Implementing A Feature Pipeline using Hopsworks 

In this practical example, we will be using an income census which is an open source dataset and the task is to train a model to predict whether an individual income will be greater than 50k. The plan is to make two different versions of data and train a model on them. The first version of the dataset will contain only numeric variables. In the second version, the dataset will include some categorical variables, and we will version a different model for it as well. 

The notebook used for this example can be found here

Feature Pipeline Version 1

Data Ingestion: Download the dataset from kaggle and load it in the working environment.


The columns for the dataset are as follows:

Information of the Dataset
Figure 4: Information of the Dataset

The dataset has a few problems. It contains duplicates, missing values, and income is an object rather than binary for classification. In the next few steps, we will clean the dataset.

  1. Removing Duplicates: Some of the rows are repeated, so we are required to remove them. To achieve this, pandas has a function drop_duplicates to remove the duplicates. 
raw_data = raw_data.drop_duplicates()
  1. Mapping Labels: The problem is to predict whether the person will have income greater or less than 50k. So, it is required to map the income column to binary [0,1] making it suitable for binary classification.
income_map = {'<=50K': 1, '>50K': 0} 
raw_data['income'] = raw_data['income'].map(income_map)
  1. Handling Missing Values: The dataset contains missing values as ?, there are many ways to handle it. We can replace it with the average or median of the entire column values. Here for simplicity, We will remove them.
raw_data[raw_data =='?'] =  np.nan
cleaned_data = raw_data.dropna(axis=0)

Integration with Hopsworks Feature Store: We need to establish a connection to the Hopsworks Feature Store, enabling access to its functionalities. First, we would require a Hopsworks account. If you don't have it already, hop on to their login page, It's free. Make sure to pip install hospwork first.

import hopsworks
project = hopsworks.login()
fs = project.get_feature_store()

After it runs successfully, It will ask for api_key, which can be generated by following the link it provides. 
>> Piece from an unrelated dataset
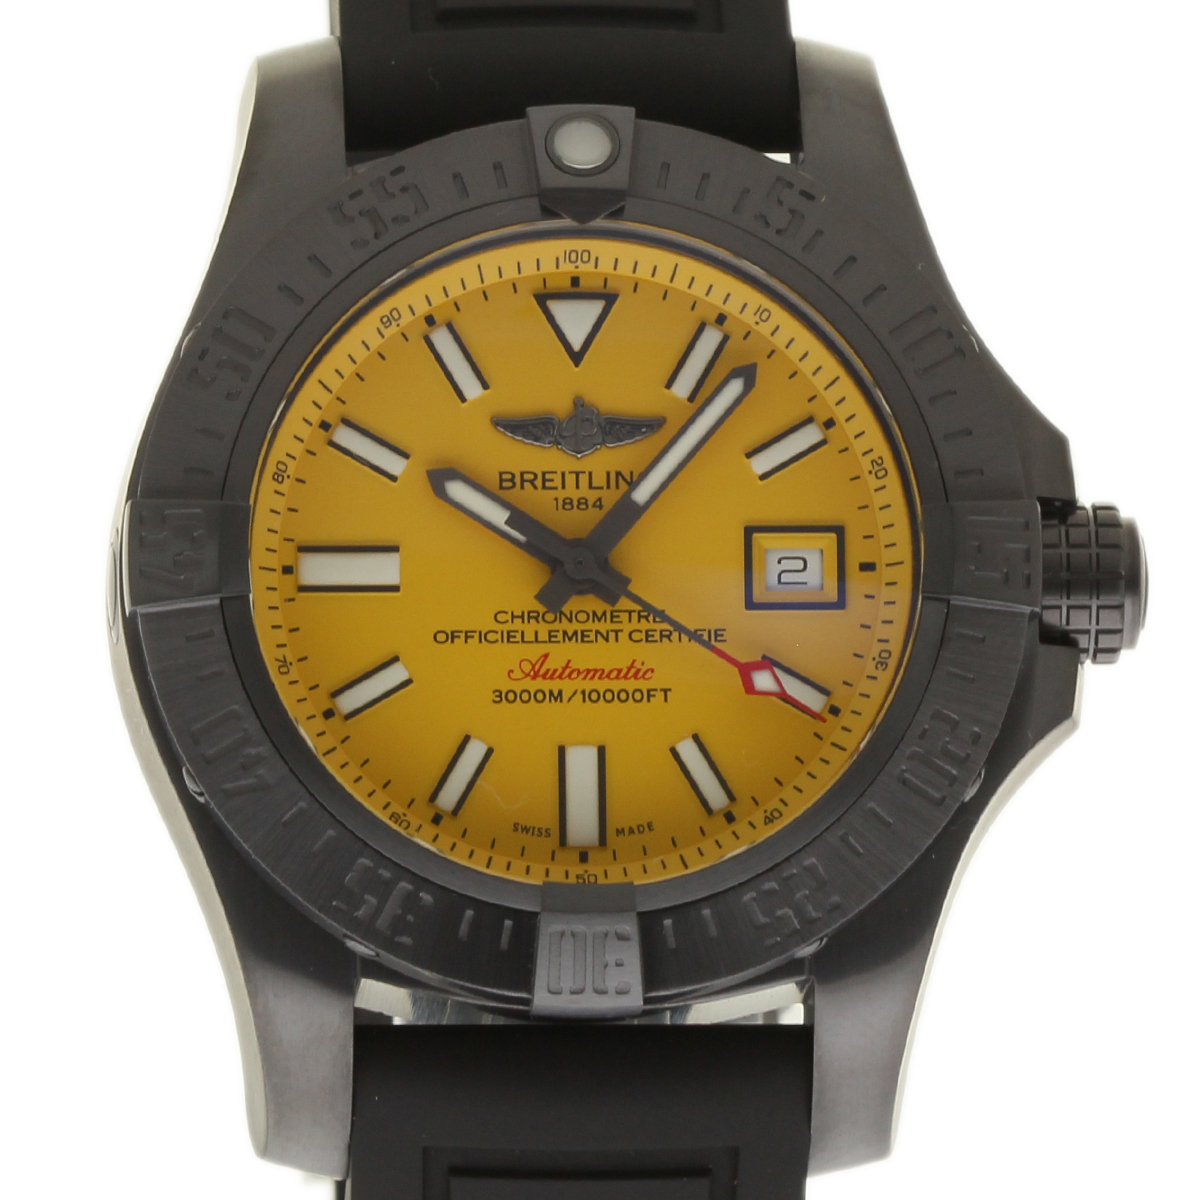 Avenger II Seawolf  in Black Steel on Black Rubber Strap with Cobra Yellow Dial

Feature Group Creation and Integration: Before we create a feature group and insert income dataset into it, we need to perform feature engineering. To keep it simple, In the first version of data, we will check the prediction accuracy by only considering numerical features. In the second version of data, we will further explore the data by analyzing both categorical and numerical features and we will engineer the features accordingly in the hope of getting better accuracy.

numerical = [col for col in cleaned_data.columns if cleaned_data[col]
.dtype != 'object' ]

data = cleaned_data[numerical]

Now, we are ready to insert the first version of data into the feature store. Since each feature group has a primary key, we need to create a primary key for the dataset. Let’s add a column of index for it.

data['index'] = cleaned_data.index

Also, some of the names of the columns are not formatted according to the guidelines of hopsworks. For example education.num should be education_num.

data.rename(columns = {'education.num':'education_num',
    'capital.gain':'capital_gain',
    'capital.loss':'capital_loss','
    'hours.per.week':'hours_per_week'}, 
    inplace = True)

To create a feature group, we simply need to define the name, version, description and primary key of the dataset to be included.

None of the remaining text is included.